A Test Suite for Efficient Robustness Evaluation of Face Recognition Systems
Ruihan Zhang, Jun Sun
TL;DR
The work tackles robustness evaluation for face recognition by addressing the inefficiency of pursuing extensive adversarial attacks and the impracticality of formal Lipschitz guarantees. It introduces RobFace, a search-free, system-agnostic framework that uses a pre-optimised test suite of transferable adversarial samples to rapidly estimate robustness across multiple perturbation spaces $p$-norms and natural transformations. The key contributions include constructing RobFace-01, demonstrating strong Pearson correlations ($r \approx 0.90$–$0.99$) with reference robustness across unseen systems, and achieving up to ~200x speedups while maintaining broad perturbation coverage and defense against adaptive attacks via seed randomisation. This approach enables scalable, agile robustness assessment in deployment pipelines and can be extended to other recognition tasks beyond face recognition.
Abstract
Face recognition is a widely used authentication technology in practice, where robustness is required. It is thus essential to have an efficient and easy-to-use method for evaluating the robustness of (possibly third-party) trained face recognition systems. Existing approaches to evaluating the robustness of face recognition systems are either based on empirical evaluation (e.g., measuring attacking success rate using state-of-the-art attacking methods) or formal analysis (e.g., measuring the Lipschitz constant). While the former demands significant user efforts and expertise, the latter is extremely time-consuming.
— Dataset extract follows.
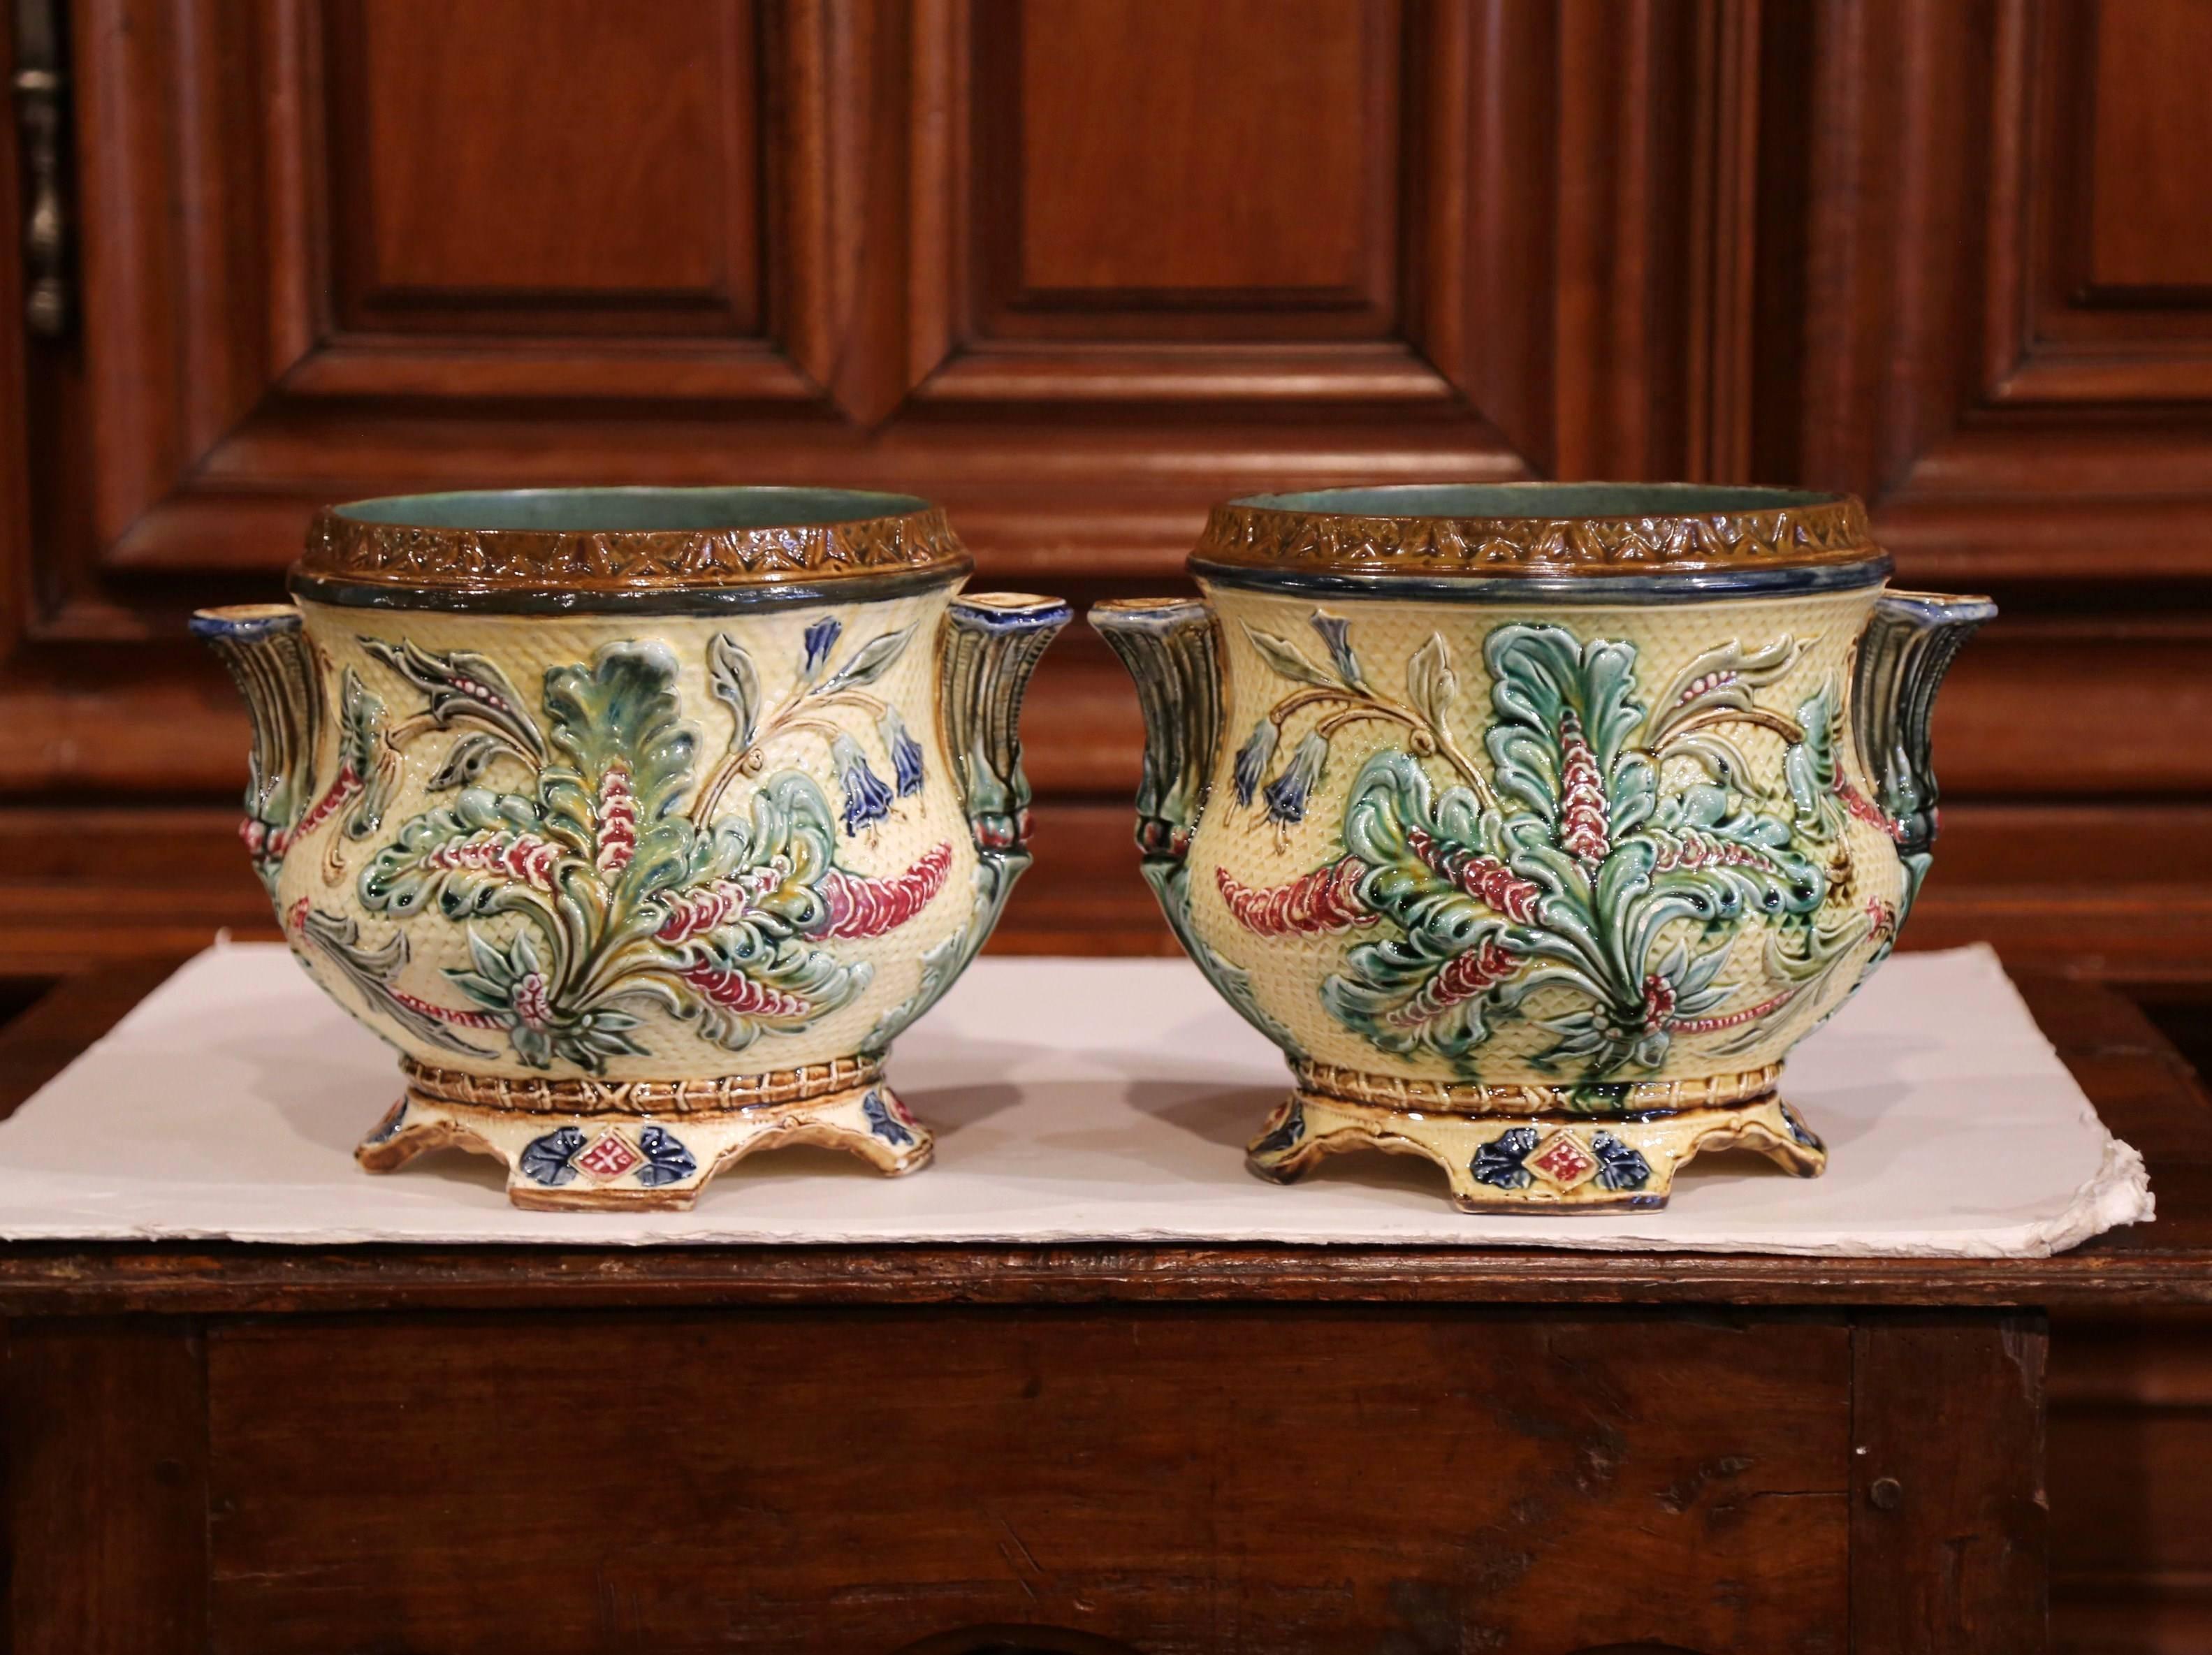 Ceramic Pair of 19th Century French Hand-Painted Barbotine Cachepots with Foliage Motifs
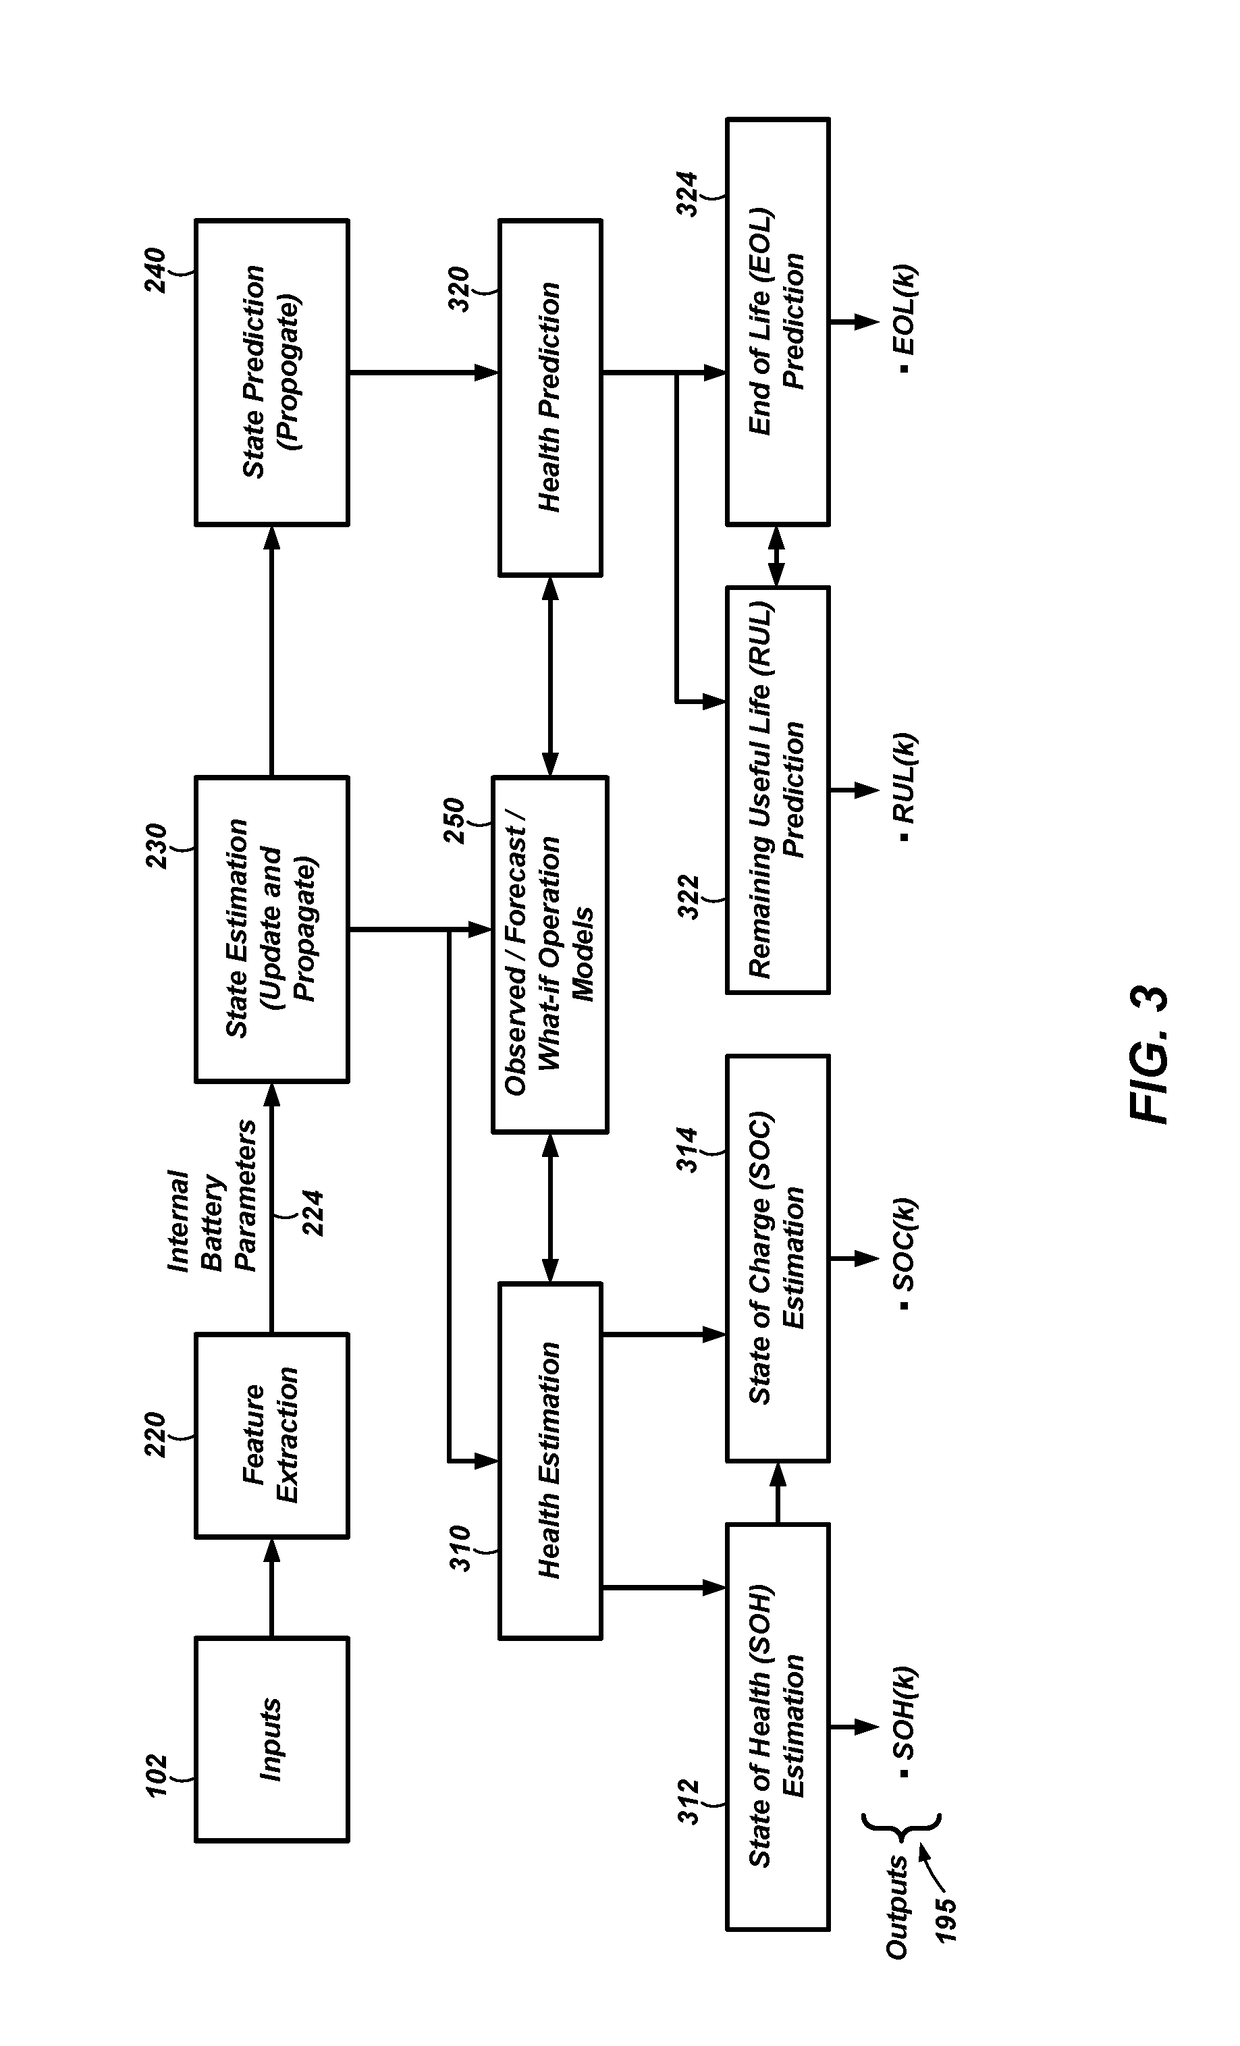 Systems and methods for estimation and prediction of battery health and performance

In pursuit of a comprehensive, efficient, easy-to-use and scalable estimation of the robustness of face recognition systems, we take an old-school alternative approach and introduce RobFace, i.e., evaluation using an optimised test suite. It contains transferable adversarial face images that are designed to comprehensively evaluate a face recognition system's robustness along a variety of dimensions. RobFace is system-agnostic and still consistent with system-specific empirical evaluation or formal analysis. We support this claim through extensive experimental results with various perturbations on multiple face recognition systems. To our knowledge, RobFace is the first system-agnostic robustness estimation test suite.